How This Case Influenced Later Decisions
The MPAS case was important because it helped clarify the power of the FTC and how it can stop unfair business practices, even if they don't fully break other antitrust laws yet.
The Brown Shoe Case (1962)
In a later case, FTC v. Brown Shoe Co., the Supreme Court built on the ideas from the MPAS case. Brown Shoe Company had agreements with about 40% of its shoe stores. These agreements said the stores couldn't sell any other shoe brands. In return, Brown Shoe gave them special benefits.
The FTC found this was an "unfair method of competition." Brown Shoe argued that the FTC couldn't make this ruling because the practice didn't "substantially lessen competition" in the way required by other antitrust laws.
However, the Supreme Court referred back to the MPAS case. It reminded everyone that the FTC Act was created to "supplement and bolster" other antitrust laws. This means the FTC can stop unfair practices "in their incipiency" (when they are just starting) before they become full-blown violations of other laws. The Court ruled that the FTC was right to stop Brown Shoe's program, whether it was a full violation or just starting to be one.
The Liu Case (2010)
More recently, in Liu v. Amerco, Inc., a court applied the ideas from MPAS and Brown Shoe to a case about a state's unfair competition law. Amerco is the parent company of U-Haul, a truck rental company.

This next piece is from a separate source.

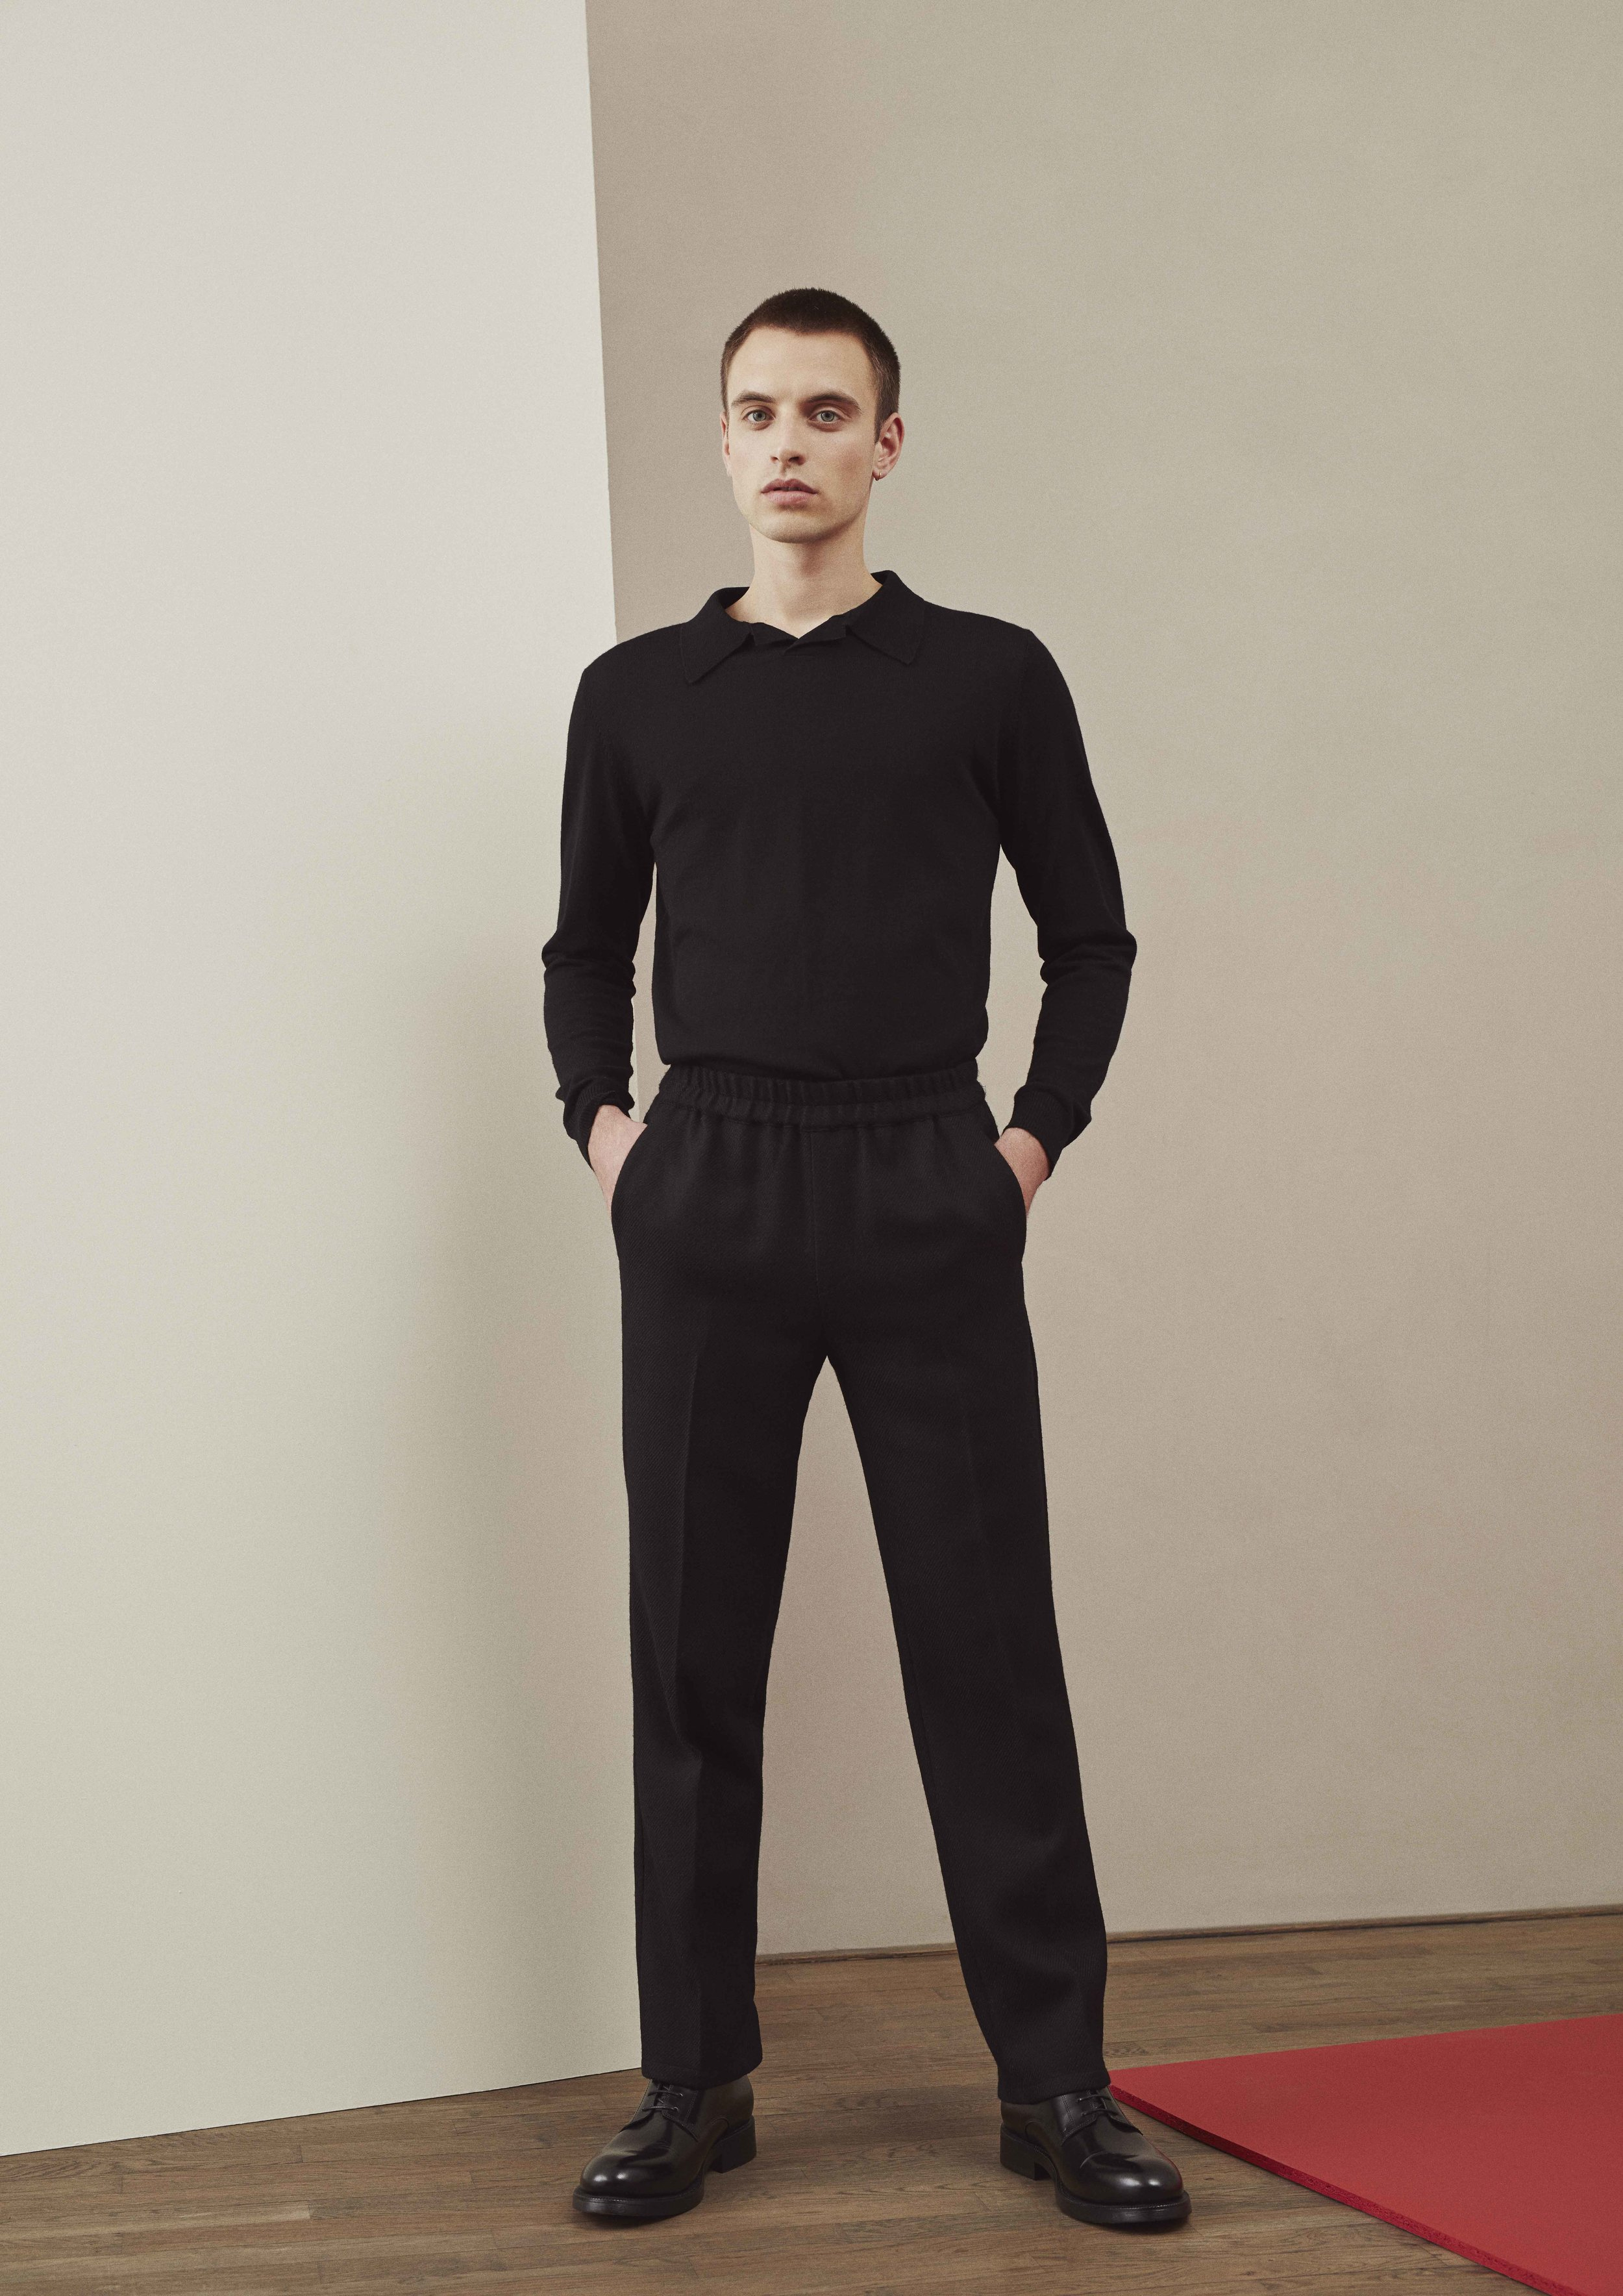 <b>3</b><br>Amos Wool Sweater<br>Felix Highland Wool Pants
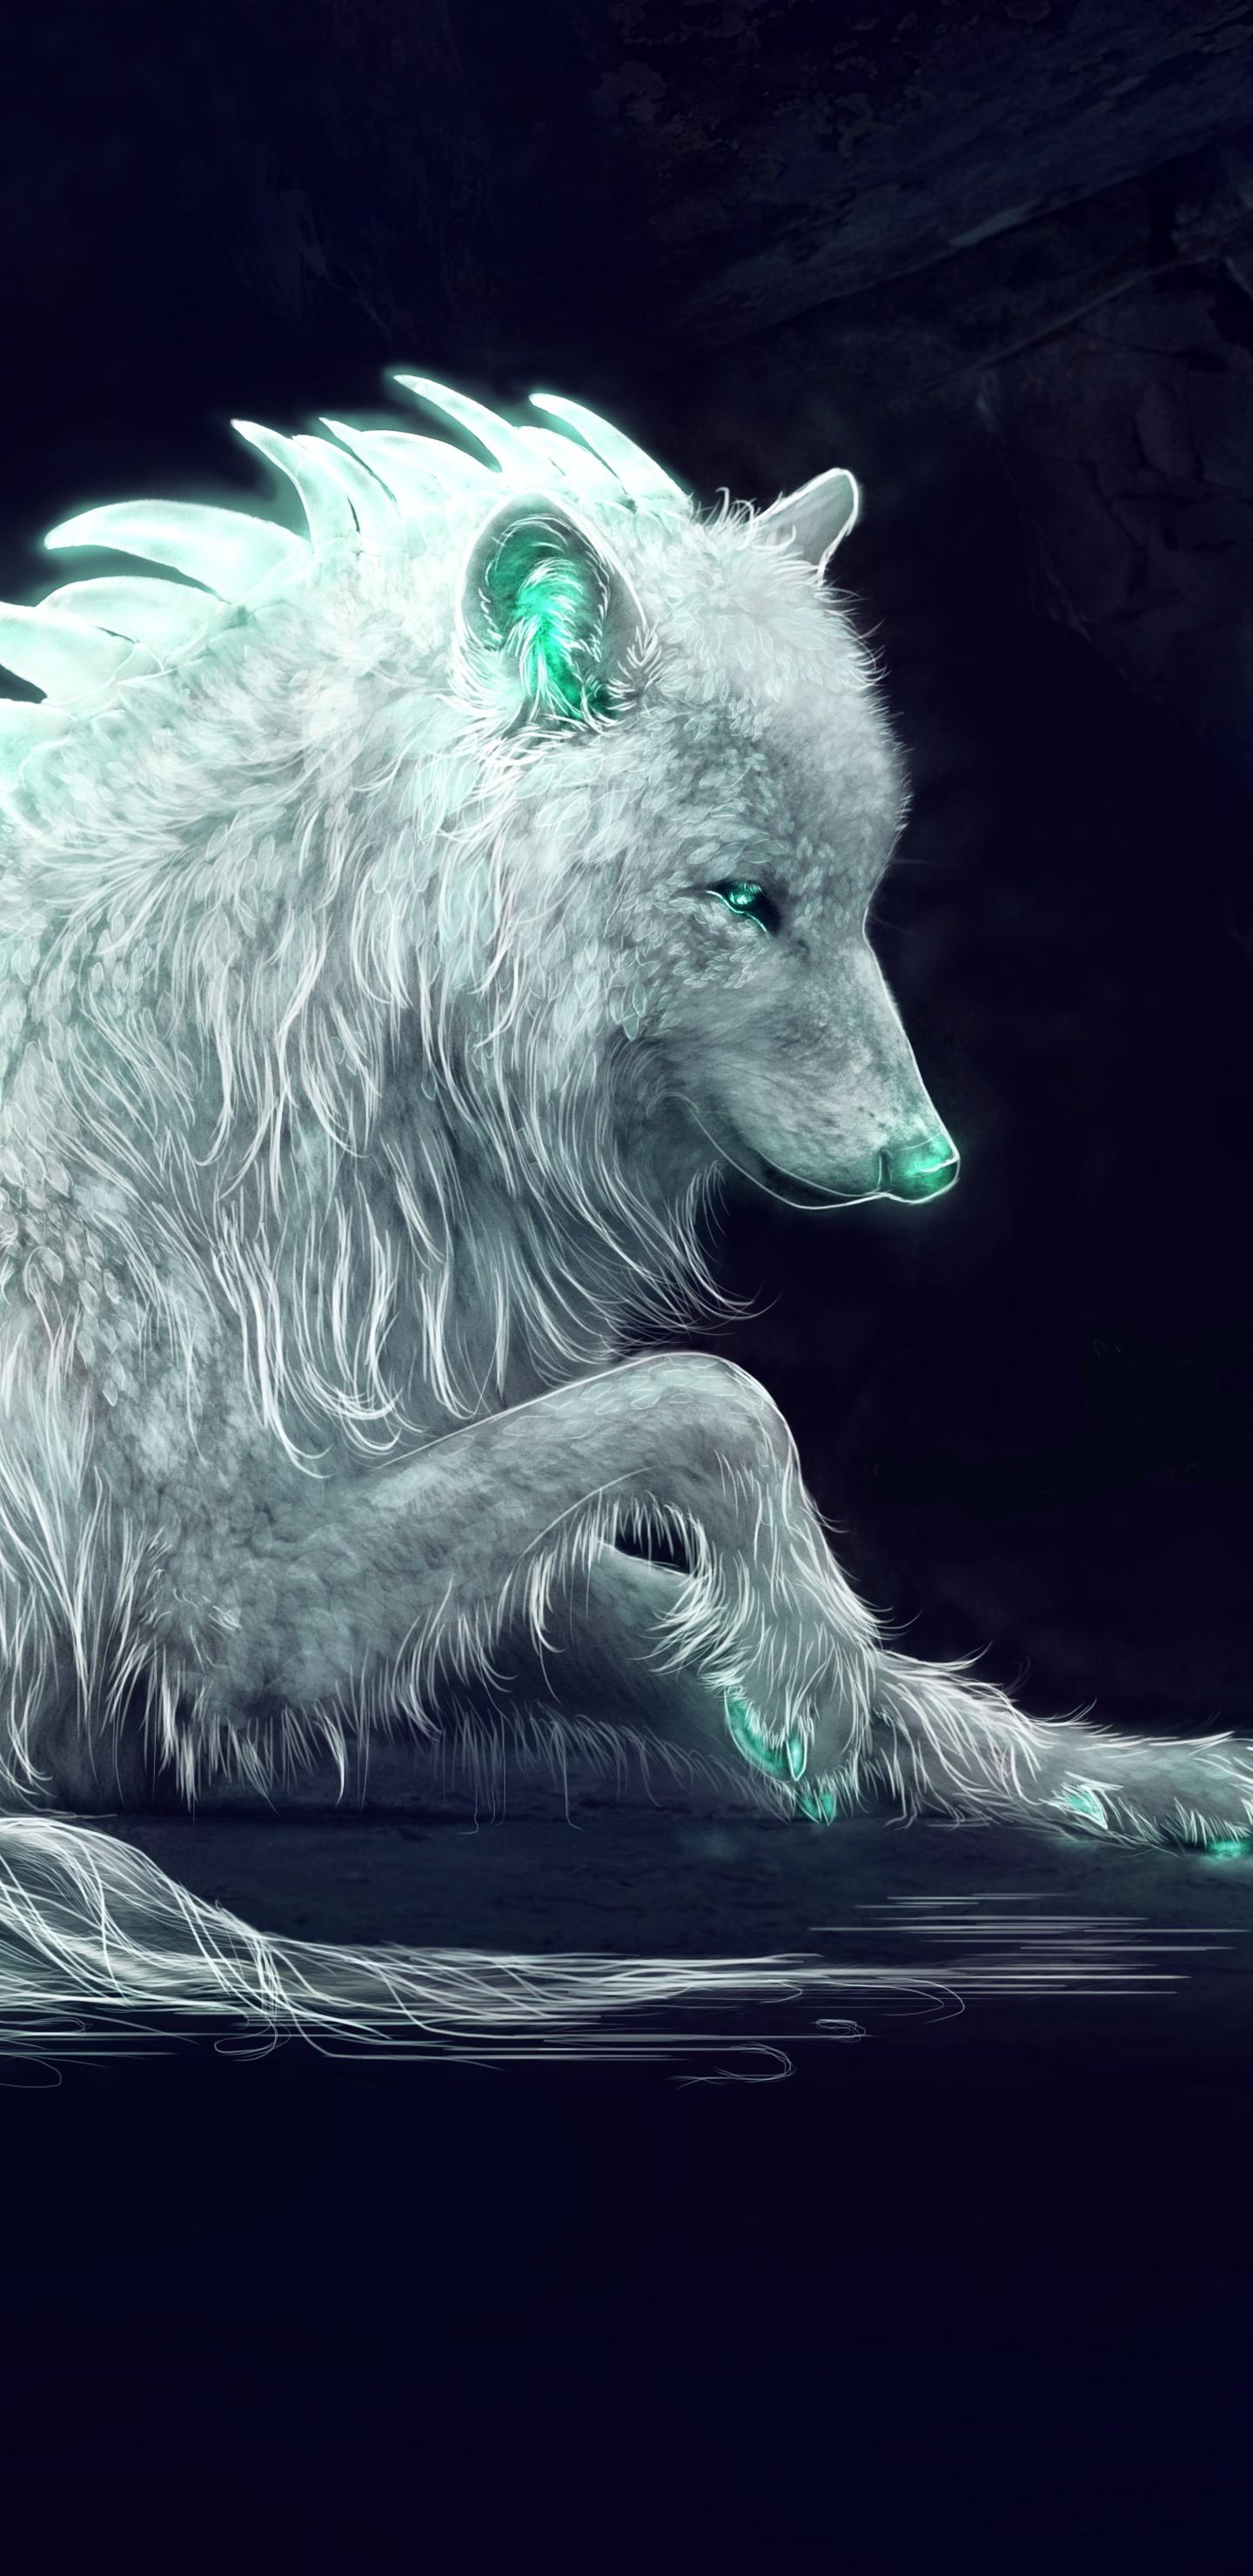 1440x2960 White Wolf Fan Art Samsung Galaxy Note 9,8, S9 ...

U-Haul's CEO tried to get other truck rental companies (Budget and Penske) to raise their prices together. Even though the price-fixing plan didn't fully succeed, the FTC said that just trying to fix prices was unlawful.
A customer, Liu, sued U-Haul, saying she paid higher rates because of this attempt. The court looked at the Brown Shoe and MPAS cases. It decided that even an attempt to fix prices, which has "a clear potential for harm," could be considered an unfair business practice. This showed how the FTC's power to stop "incipient" unfair practices can be used in other legal situations.